Comment 15 Andrew Pinski 2024-04-11 01:03:03 UTC
(In reply to Thiago Jung Bauermann from comment #14)
> This came up in the context of a Linux kernel patch series providing a
> "Unified cross-architecture kernel-mode FPU API" because the AMD GPU driver
> fails to build on arm with the series applied because of this issue:
> 
> https://lore.kernel.org/linux-arm-kernel/75a37a4b-f516-40a3-b6b5-
> 4aa1636f9b60@sifive.com/

That is a totally unrelated issue from this one. The issue there is arm EABI defines the function names rather than GCC and GCC follows the ARM EABI here (so does clang/LLVM). so you would need to do a similar renaming for the functions on arm (32bit).

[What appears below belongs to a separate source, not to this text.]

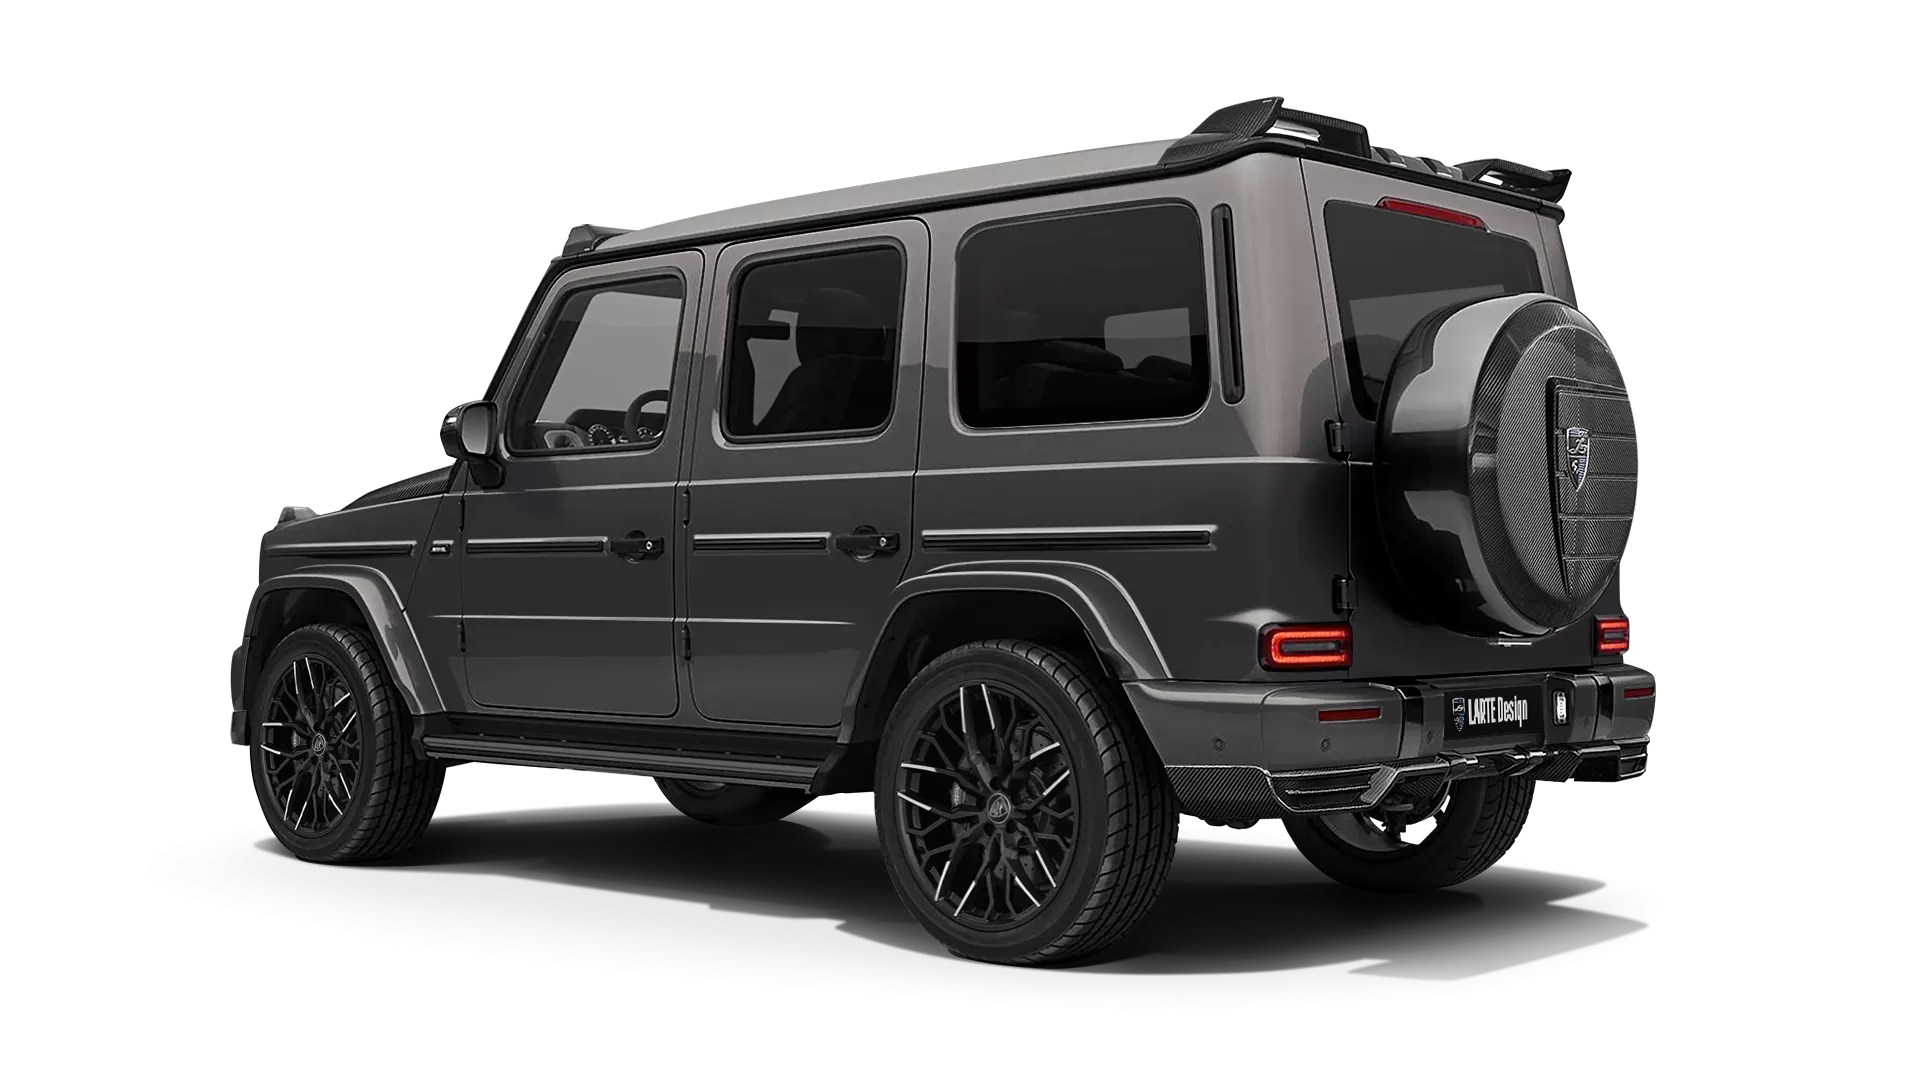 Mercedes G class W463 with carbon body kit: back view shown in Indium Grey
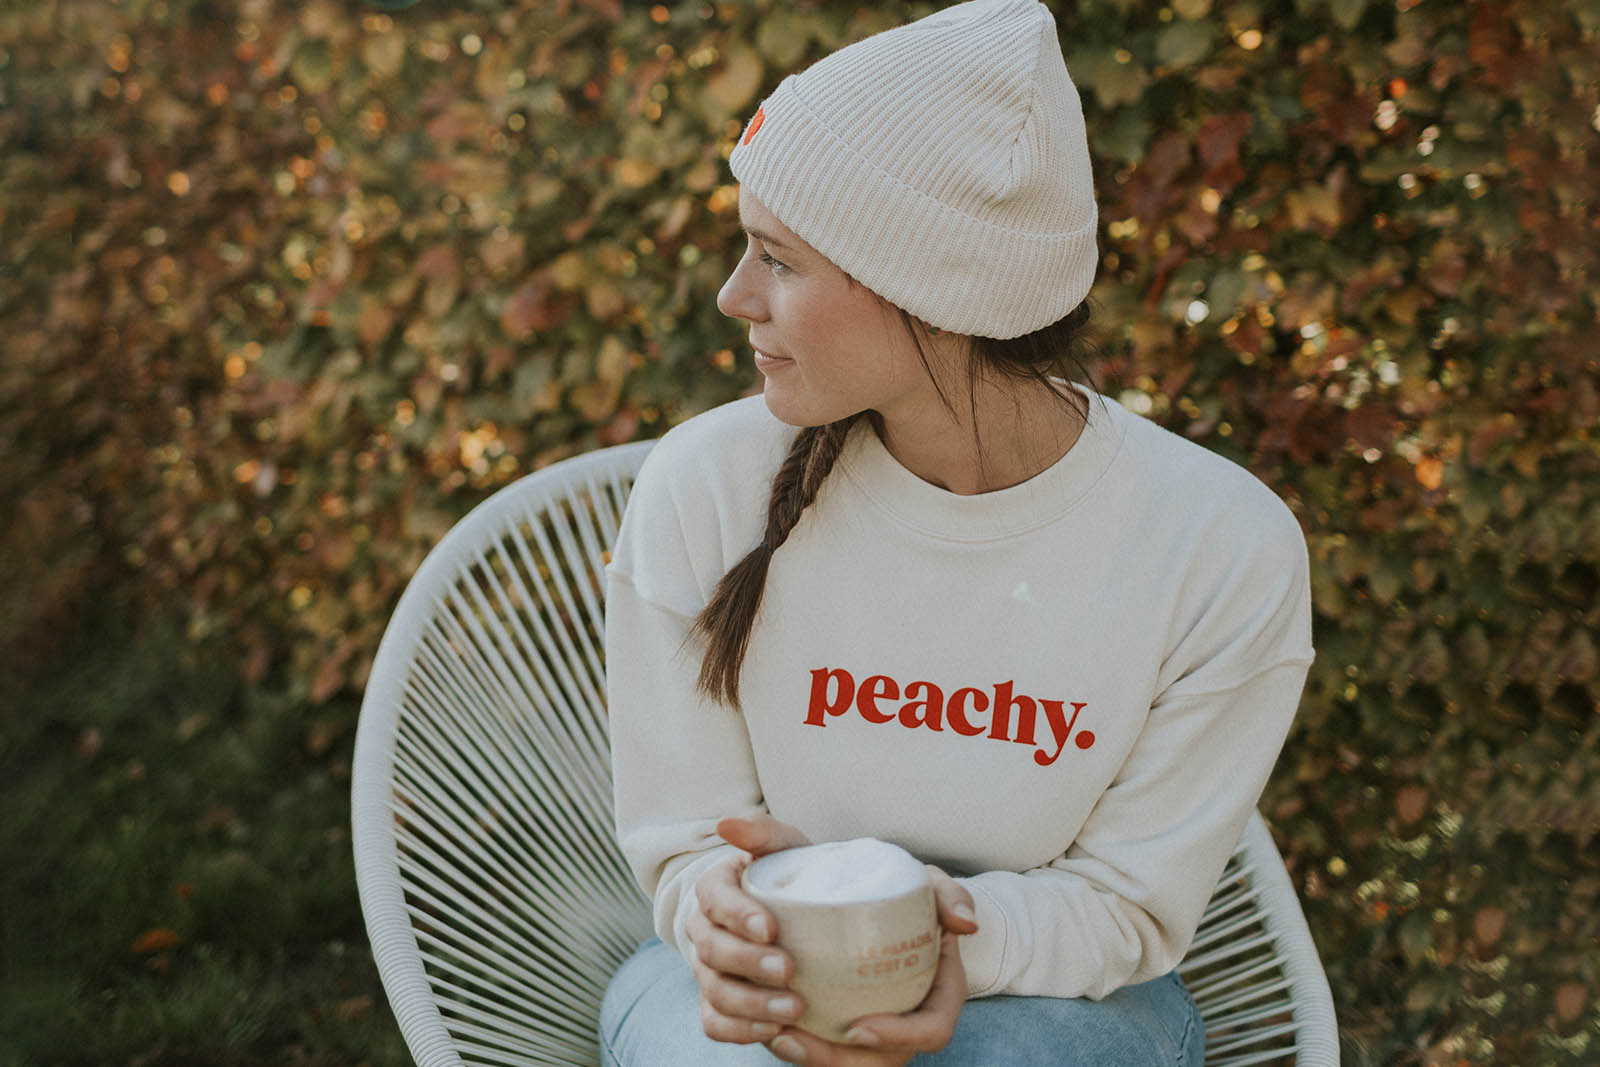 Peachy cropped sweater by Mangos on Monday

Comment 16 Thiago Jung Bauermann 2024-04-11 01:33:59 UTC
(In reply to Andrew Pinski from comment #15)
> (In reply to Thiago Jung Bauermann from comment #14)
> > This came up in the context of a Linux kernel patch series providing a
> > "Unified cross-architecture kernel-mode FPU API" because the AMD GPU driver
> > fails to build on arm with the series applied because of this issue:
> > 
> > https://lore.kernel.org/linux-arm-kernel/75a37a4b-f516-40a3-b6b5-
> > 4aa1636f9b60@sifive.com/
> 
> That is a totally unrelated issue from this one. The issue there is arm EABI
> defines the function names rather than GCC and GCC follows the ARM EABI here
> (so does clang/LLVM). so you would need to do a similar renaming for the
> functions on arm (32bit).

Thank you! I relayed your point (hopefully correctly) in the email thread above.